Repeat the data exactly as given below, dropping every picture.

DATA BLOCK
=== Section Start ===
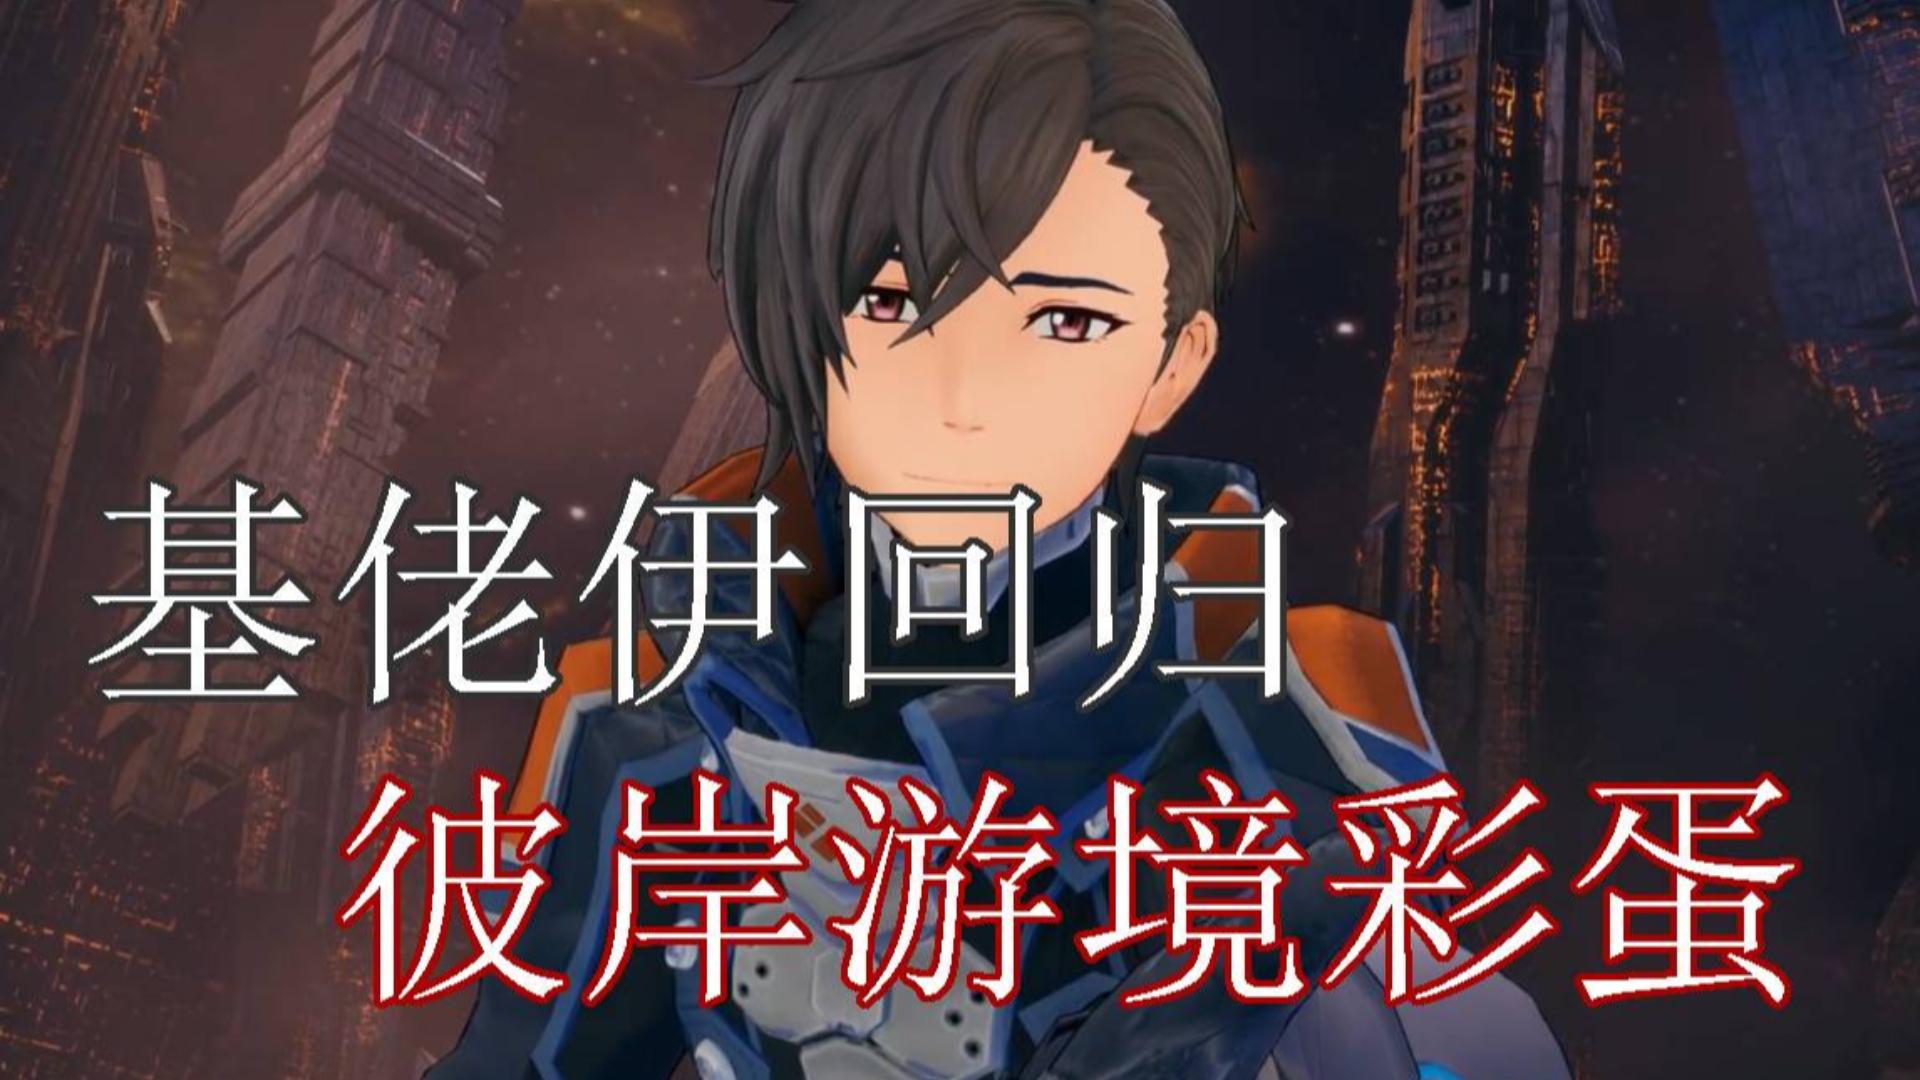 刀剑神域游戏最新剧情及新作彩蛋
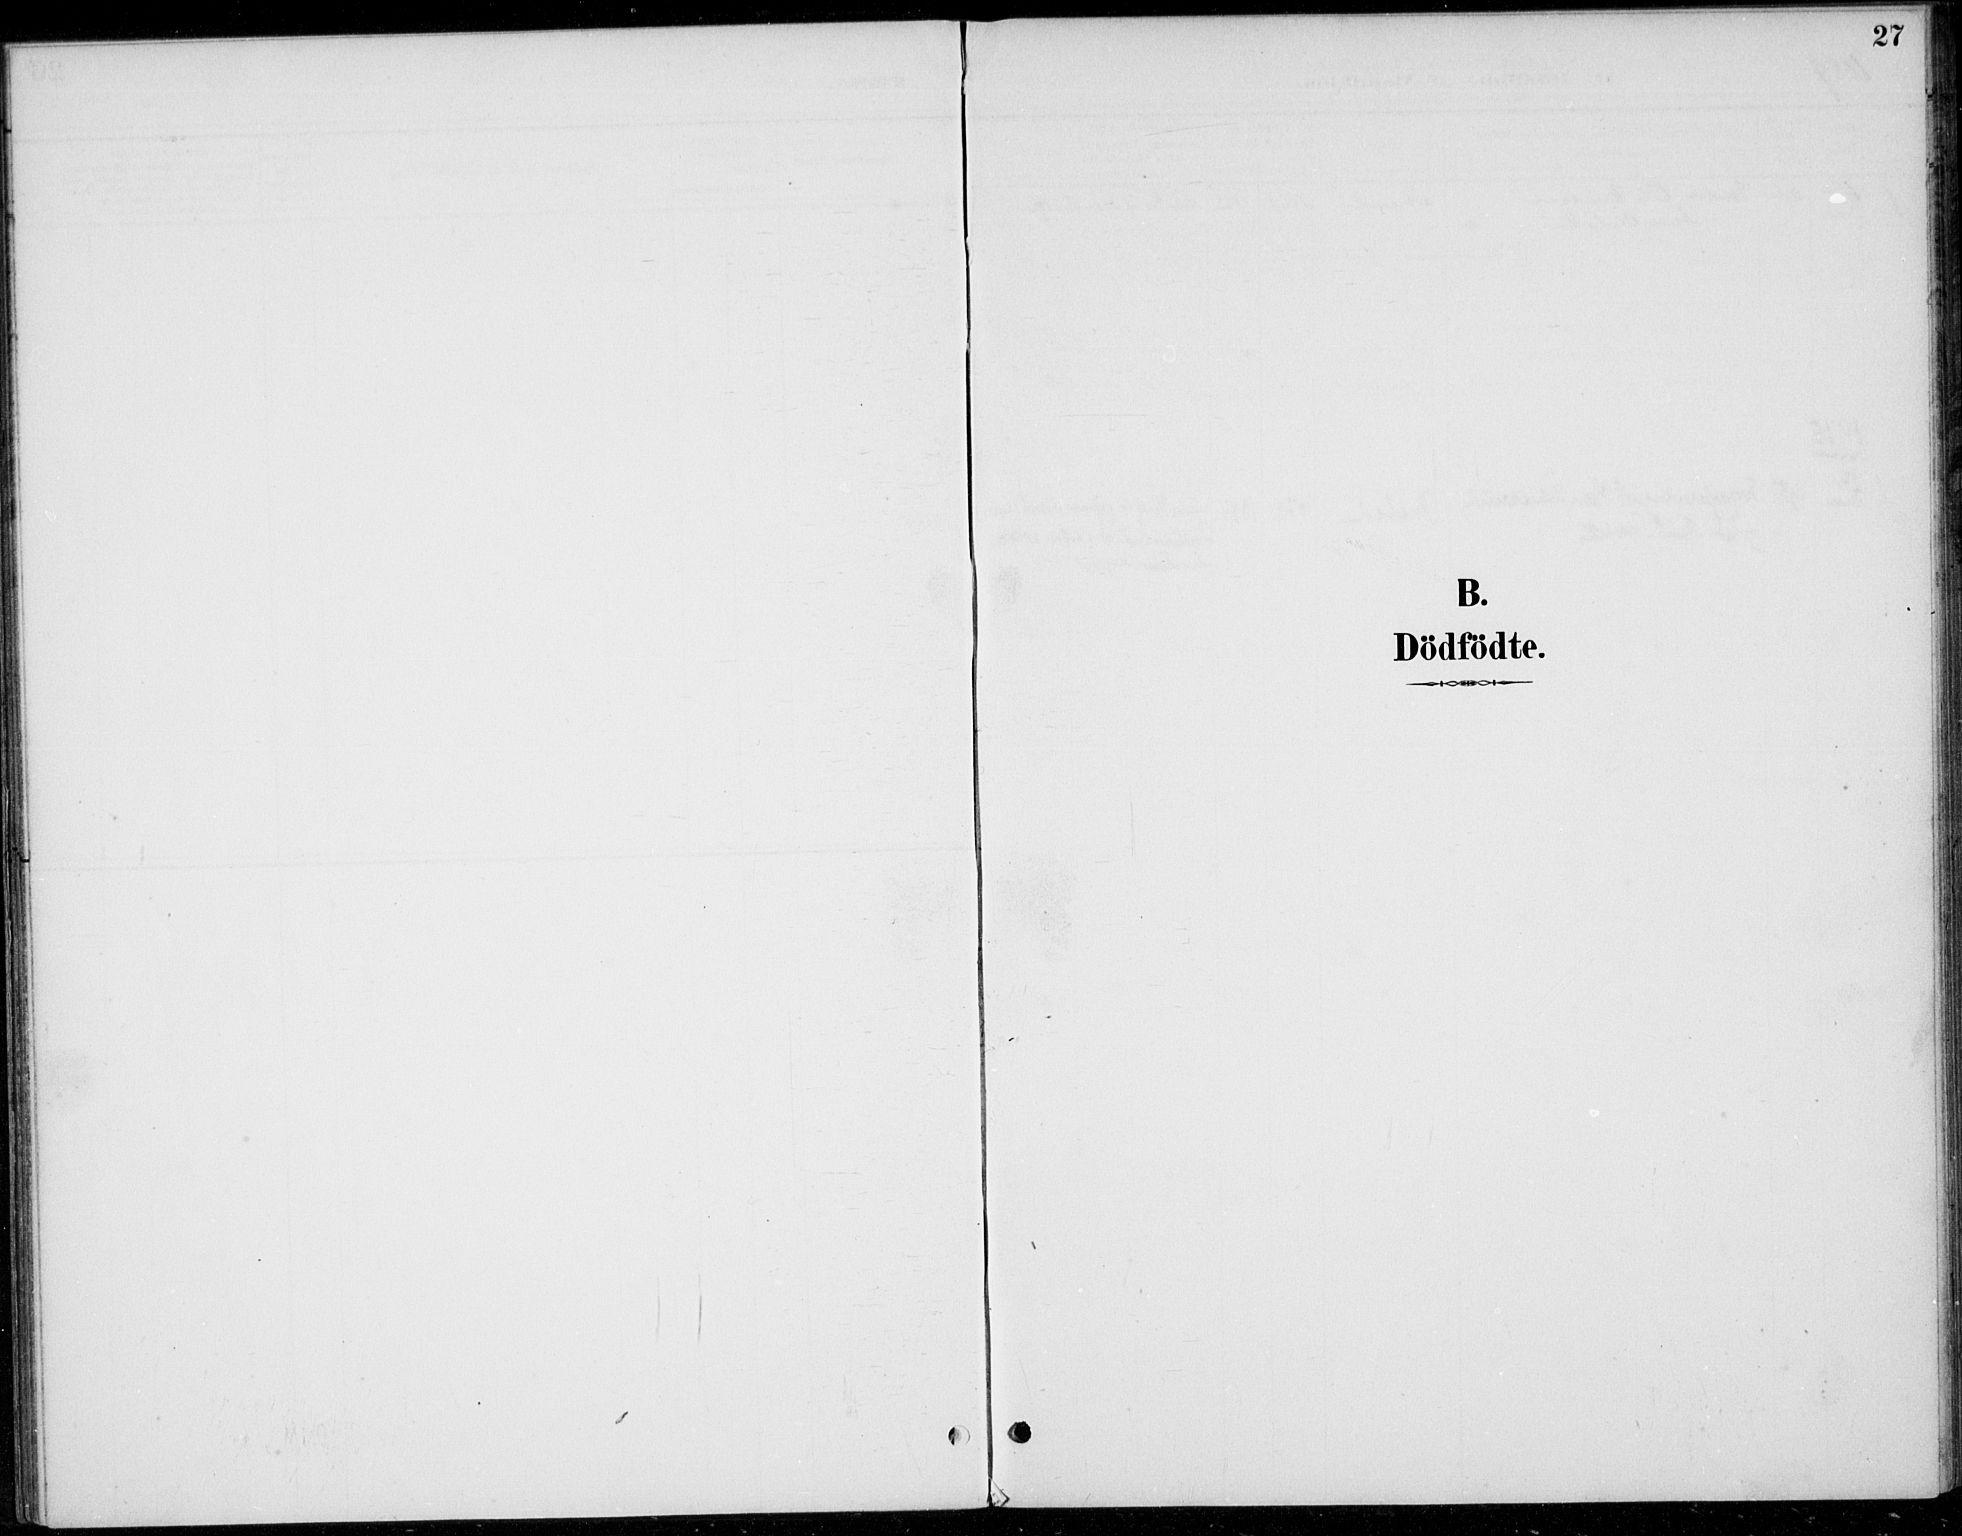 SAH, Øystre Slidre prestekontor, Ministerialbok nr. 5, 1887-1916, s. 27
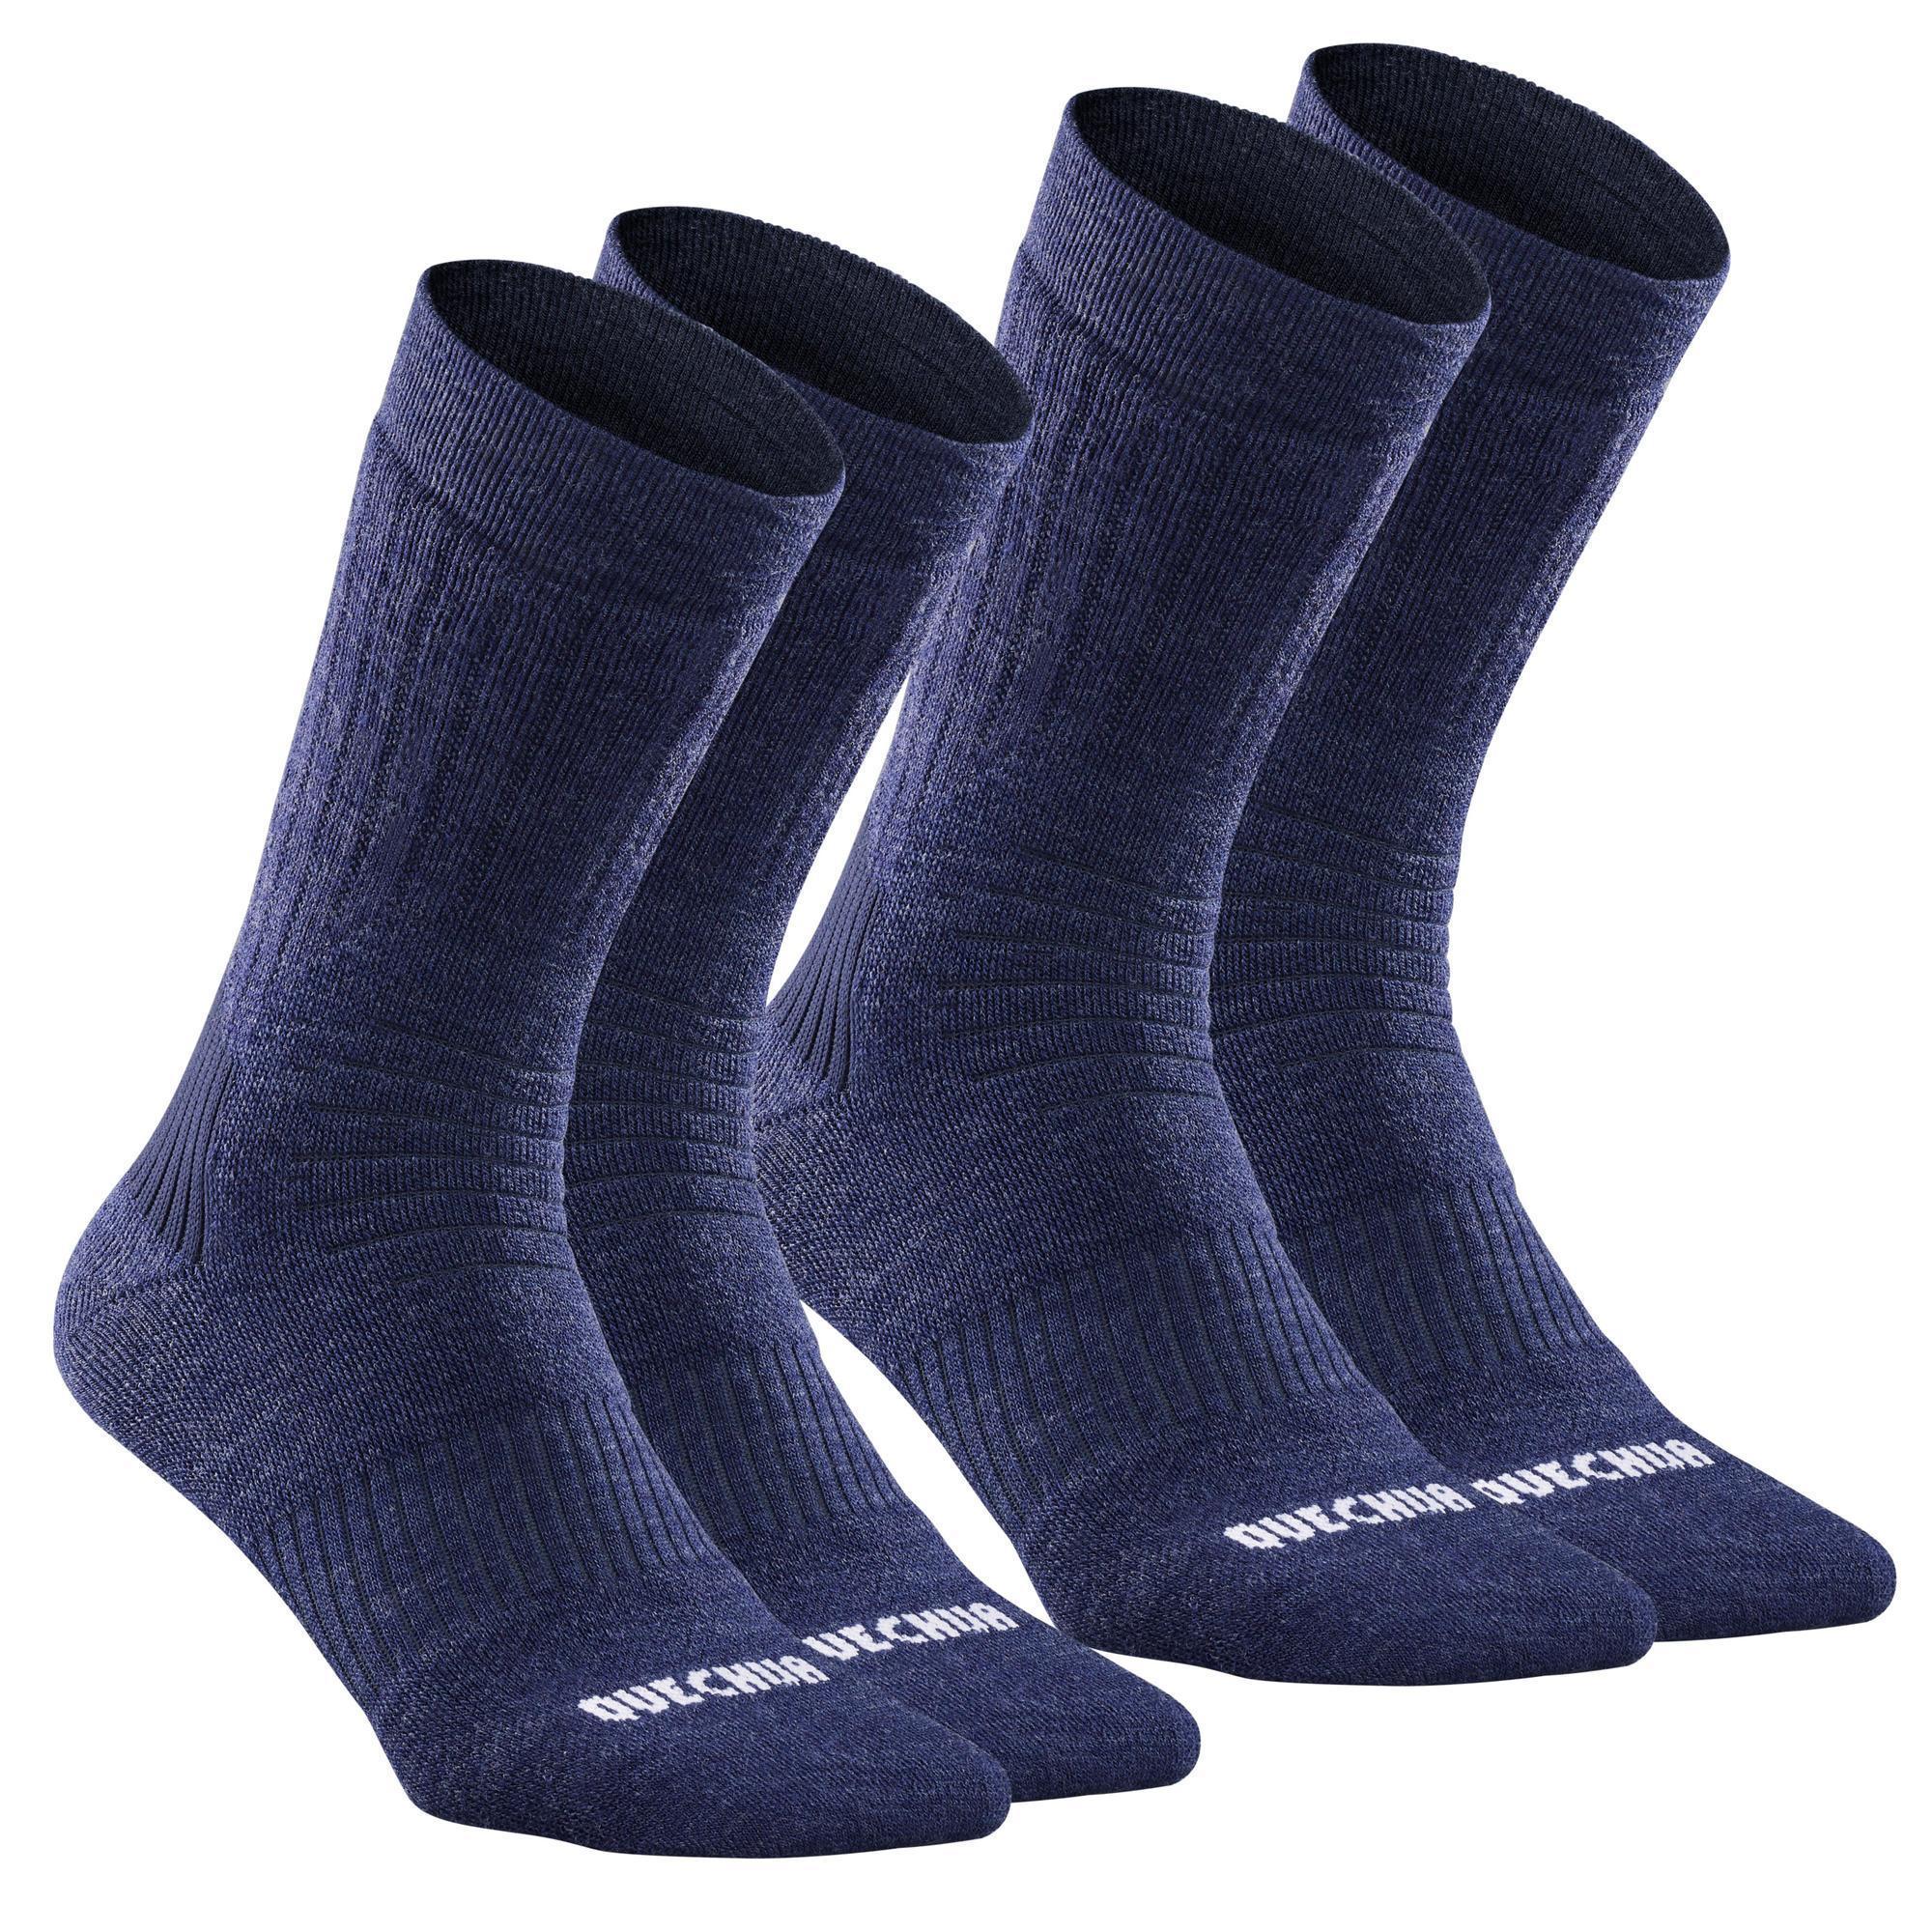 Chaussettes chaudes de randonnée adulte SH100 warm Mid bleues noires. - Quechua
=== Section End ===
EXERCISE RESPONSE
 刀剑神域游戏最新剧情及新作彩蛋
 SAH, Øystre Slidre prestekontor, Ministerialbok nr. 5, 1887-1916, s. 27
 Chaussettes chaudes de randonnée adulte SH100 warm Mid bleues noires. - Quechua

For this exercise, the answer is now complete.